Information on transport protocol support
A transport protocol is typically used for transporting payloads (data bytes) exceeding the capacity of a single bus frame. If a payload cannot fit into a single frame, it is segmented into parts and transmitted using multiple frames. The receiving device is responsible for reassembling these segments back into the original payload. Upon successful reassembly, the receiver presents the full payload to the upper layer (as if the payload had been transported by a single frame).
Many different proprietary and open transport protocol specifications exist.
Generally, segmented transport of payloads can either be broadcast (1 to n) or one-to-one (1 to 1). One-to-one communication optionally allows for the use of flow-control. Below figure illustrates a (generalized and simplified) transport of segments as broadcast (without flow-control) and as one-to-one (with flow-control).

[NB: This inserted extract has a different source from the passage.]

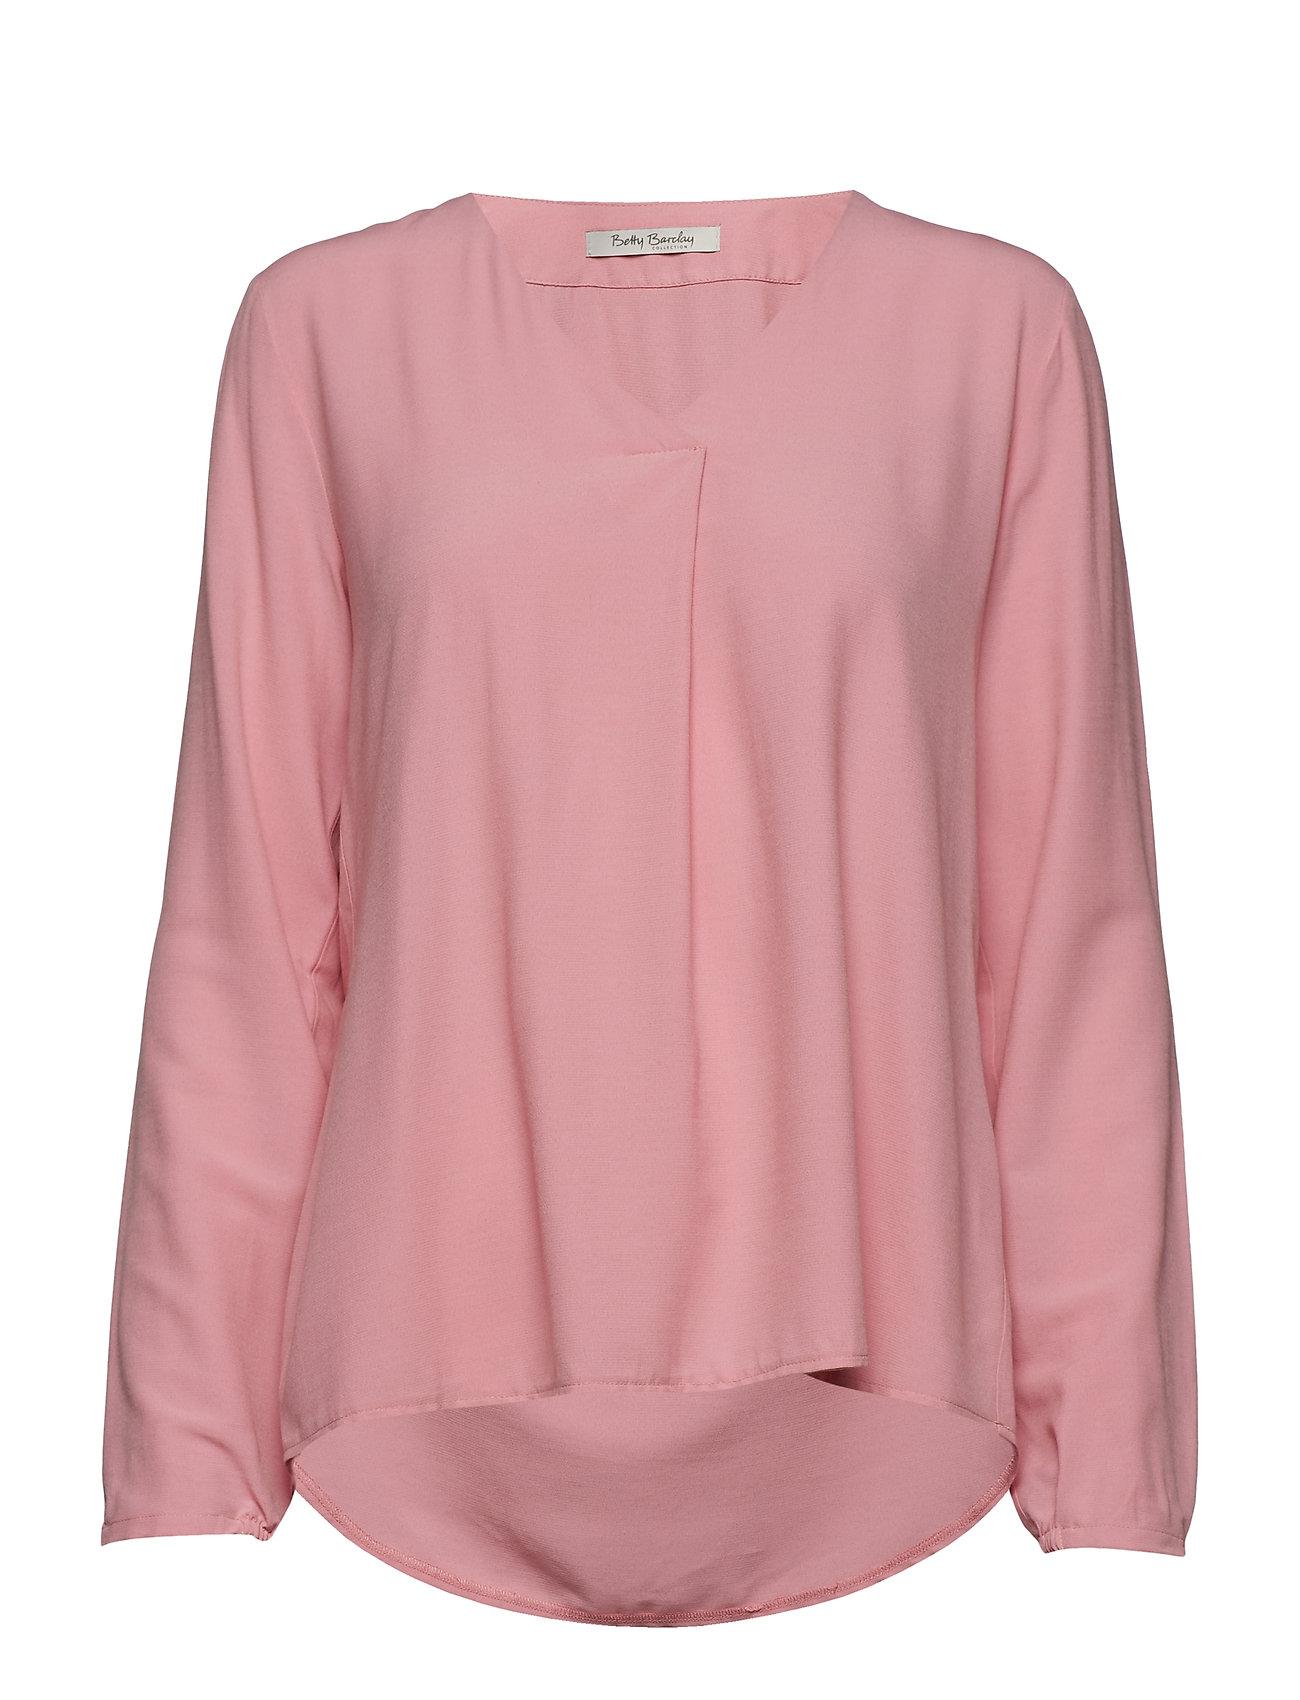 Betty Barclay blouse - SEA PINK

Supported transport protocols
The decoders use the input DBC file(s) for configuration of transport protocols. See the DBC section for information on how to configure transport protocols.
Note
Decoding rules (defined by the DBC file(s)) are applied to fully reassembled payloads (with transport protocol specific headers etc. removed).
The following transport protocols are supported:
Timestamping
The reassembled messages are timestamped using the timestamp of the final segment.
Flow-control
Some transport protocols support flow-control. The reassembly generally ignores flow-control messages.
Concurrent / interleaved sessions
Multiple concurrent / interleaved transport protocol sessions are supported.
File crossing
Transport protocol reassembly is continued when crossing consecutive input log files. A transition between two non-consecutive log files aborts all active transport protocol sessions.